Let me first discuss the case $F=\mathbb Q$. For $F=\mathbb Q$, one has the idempotent solid $\mathbb Z$-algebra $\hat{\mathbb Z}=\mathrm{lim}_n \mathbb Z/n\mathbb Z$ (where $n$ runs over nonzero integers). One can form the Bousfield localization of $D(\mathbb Z_\blacksquare)$ that kills all $\hat{\mathbb Z}$-modules. As a Bousfield localization, this can also be described as a full subcategory of $D(\mathbb Z_\blacksquare)$ in terms of the corresponding local objects; and one computes that the localization of $\mathbb Z_\blacksquare[S] = \mathrm{lim}_i \mathbb Z[S_i]$ is $\mathrm{lim}_i \mathbb Q[S_i]$ (as the quotient $\mathrm{lim}_i \mathbb Q/\mathbb Z[S_i]$ is a module over $\hat{\mathbb Z}$, while $\hat{\mathbb Z}$ has no maps to $\mathbb Q$, and thus no maps $\mathrm{lim}_i \mathbb Q[S_i]$). This easily implies that $\mathbb Q$ with $\mathbb Q_\blacksquare[S] = \mathrm{lim}_i \mathbb Q[S_i]$ defines an analytic ring.
If $F$ is any finitely generated field, write it as the field of fractions of some domain $R$ that is a finitely generated $\mathbb Z$-algebra. Then $R_\blacksquare$ exists as an analytic ring, and one can form the idempotent $R_\blacksquare$-algebra $\hat{R}=\mathrm{lim}_f R/f$, where $f$ runs over nonzero elements of $R$. Passing to the corresponding Bousfield localization, the localization of $\mathrm{lim}_i R[S_i]$ is $\mathrm{lim}_i K[S_i]$, from which one gets the desired result.
Now assume that $F$ is not finitely generated, but still countably generated. I claim that $$\mathrm{Ext}^1_F(\prod_{\mathbb N} F,F)\neq 0,$$ where the $\mathrm{Ext}^1$ is computed in condensed $F$-modules; but if $F_\blacksquare$ was an analytic ring then such Ext-groups would have to be zero.

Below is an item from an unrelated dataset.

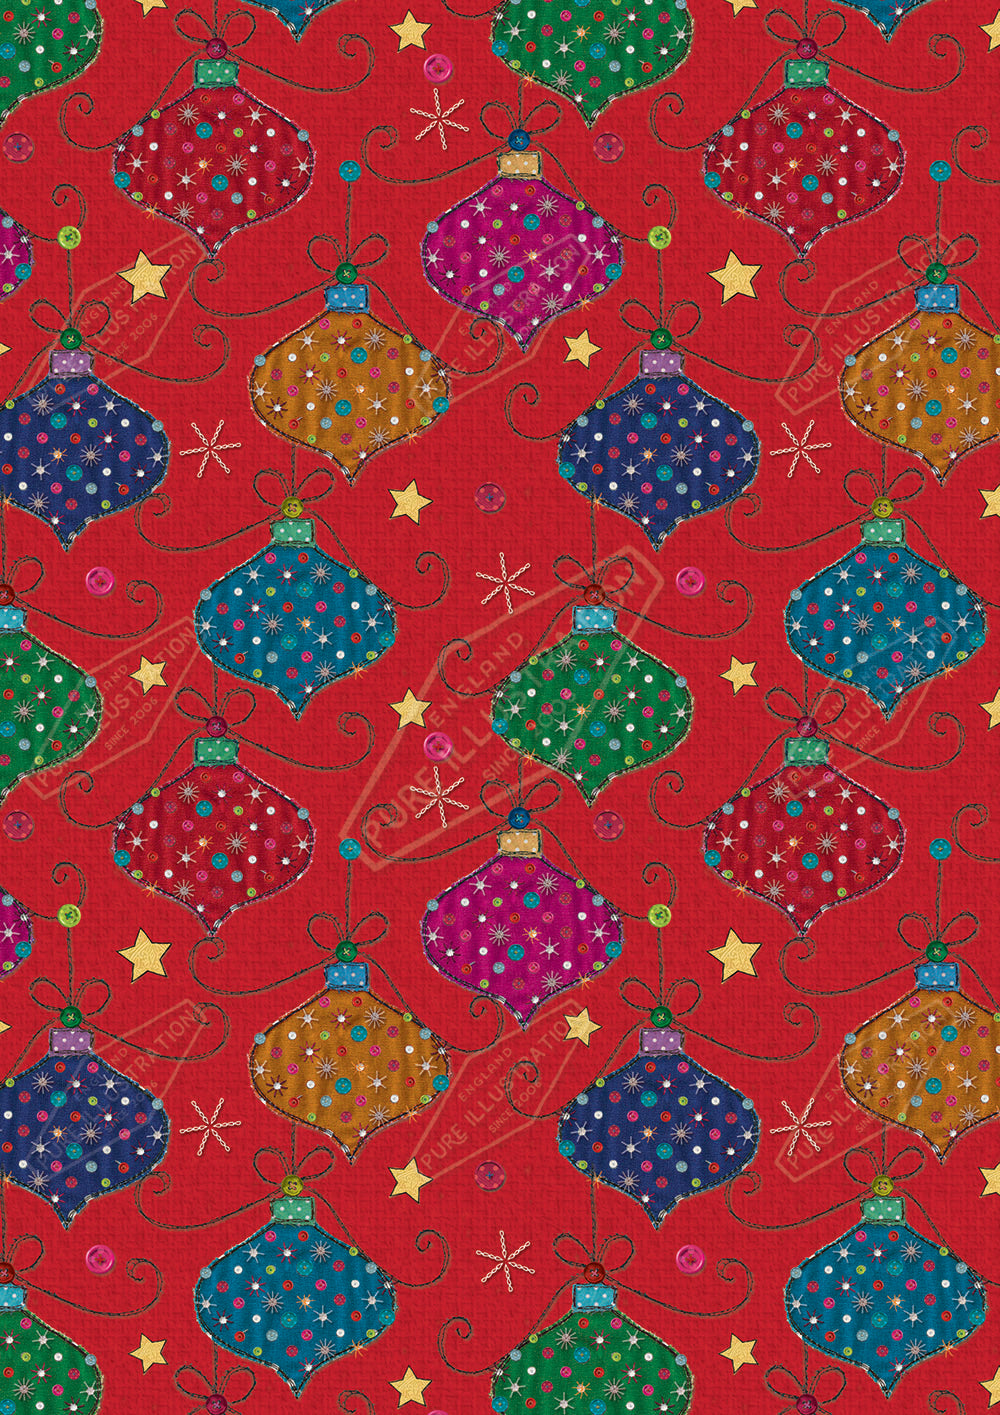 00030129KSP- Kerry Spurling is represented by Pure Art Licensing Agency - Christmas Pattern Design

Write $F$ as a sequential colimit of finitely generated fields $F_n$. By writing $R\mathrm{Hom}_F$ as $R\mathrm{lim}_n R\mathrm{Hom}_{F_n}$ and a lim-lim^1-sequence, it suffices to show that $$ \mathrm{lim}^1 \mathrm{Hom}_{F_n}(\prod_{\mathbb N} F,F)\neq 0.$$ But one can show that any morphism of condensed abelian groups $\prod_{\mathbb N} F\to F$ factors over a finite product, hence it suffices that $$ \mathrm{lim}^1 (\bigoplus_{\mathbb N} \mathrm{Hom}_{F_n}(F,F))\neq 0.$$
But for any tower $(X_n)_n$ of abelian groups, one has $\mathrm{lim}^1(\bigoplus_{\mathbb N} X_n)\neq 0$ as long as $(X_n)_n$ does not satisfy the Mittag-Leffler condition (see I. Emmanouil. Mittag-Leffler condition and the vanishing of lim^1. Topology, 35(1):267–271, 1996). But if the $F_n$ are strictly increasing, $\mathrm{Hom}_{F_n}(F,F)$ forms a strictly decreasing chain of abelian groups.
It is likely that the result fails for any $F$ that is not finitely generated; I did not try to think about this.
Best Answer
Peter Scholze's comment gives a good answer to the main direct question and tells us that the condensed mod p vector space with basis a compact Hausdorff space S is solid if and only if S is finite. The advantages of solidification are going to become more apparent as we use the condensed maths more widely. Solidification is particularly important when using tensor product. One situation where I believe there is no need to invoke solidification is when tensoring a solid vector space (over F_p) with a finite vector space: such a tensor is automatically solid from the get-go.